A bet that the housing market still hasn’t peaked yet

The Home Depot results come a day after the company announced plans to buy out HD Suppl, a former subsidiary that focuses on selling building materials to homebuilders, apartment managers and the hospitality industry. , for more than 8 billion dollars.

Home Depot sold the business to private equity firms in 2007, and there have recently been rumors that Home Depot rival Lowe’s, which will release its latest results on Wednesday, was interested in buying HD Supply.

The acquisition of HD Supply is a clear sign that Home Depot is optimistic about the outlook for housing. And the news can only get better. The Mortgage Bankers Association said in a report on Tuesday that it was raising its forecast for new home loans in 2021.

The MBA now expects purchase loans to hit $1.59 trillion next year, up 12% from 2020 and topping the all-time high of $1.51 trillion in new home loans from 2005.

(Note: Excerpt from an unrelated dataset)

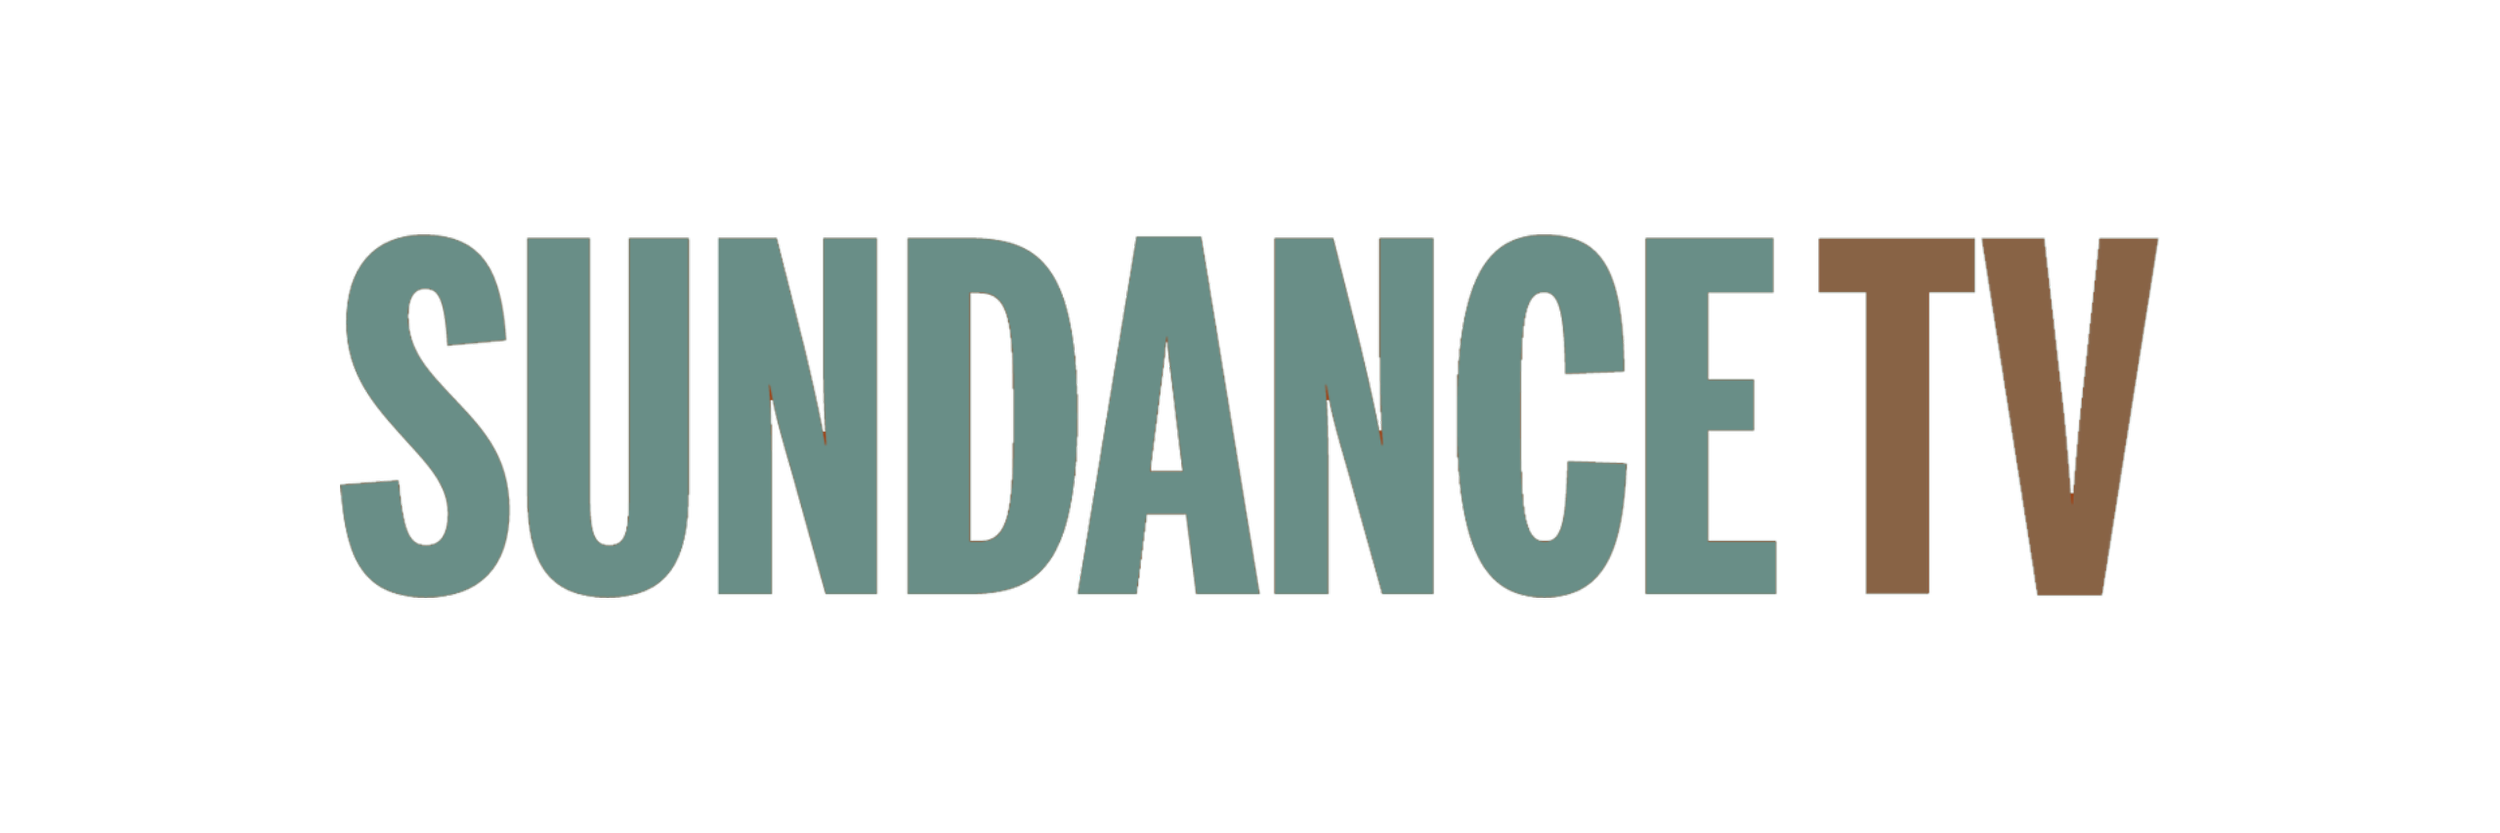 Sundance TV logo.png

Housing prices could also continue to rise. Many people, especially in cities, are looking to move to the suburbs for more space, especially as working from home is becoming more common.

“There should be resilience in housing. There is pent-up lagging demand contributing to the strength in home prices,” said Kenon Chen, executive vice president of Clear Capital, a real estate valuation and technology firm.

Chen added that there is also not a glut of homes on the market in many key markets. This should further support prices.

“We have low supply, low interest rates and the continued trend of remote working,” he said.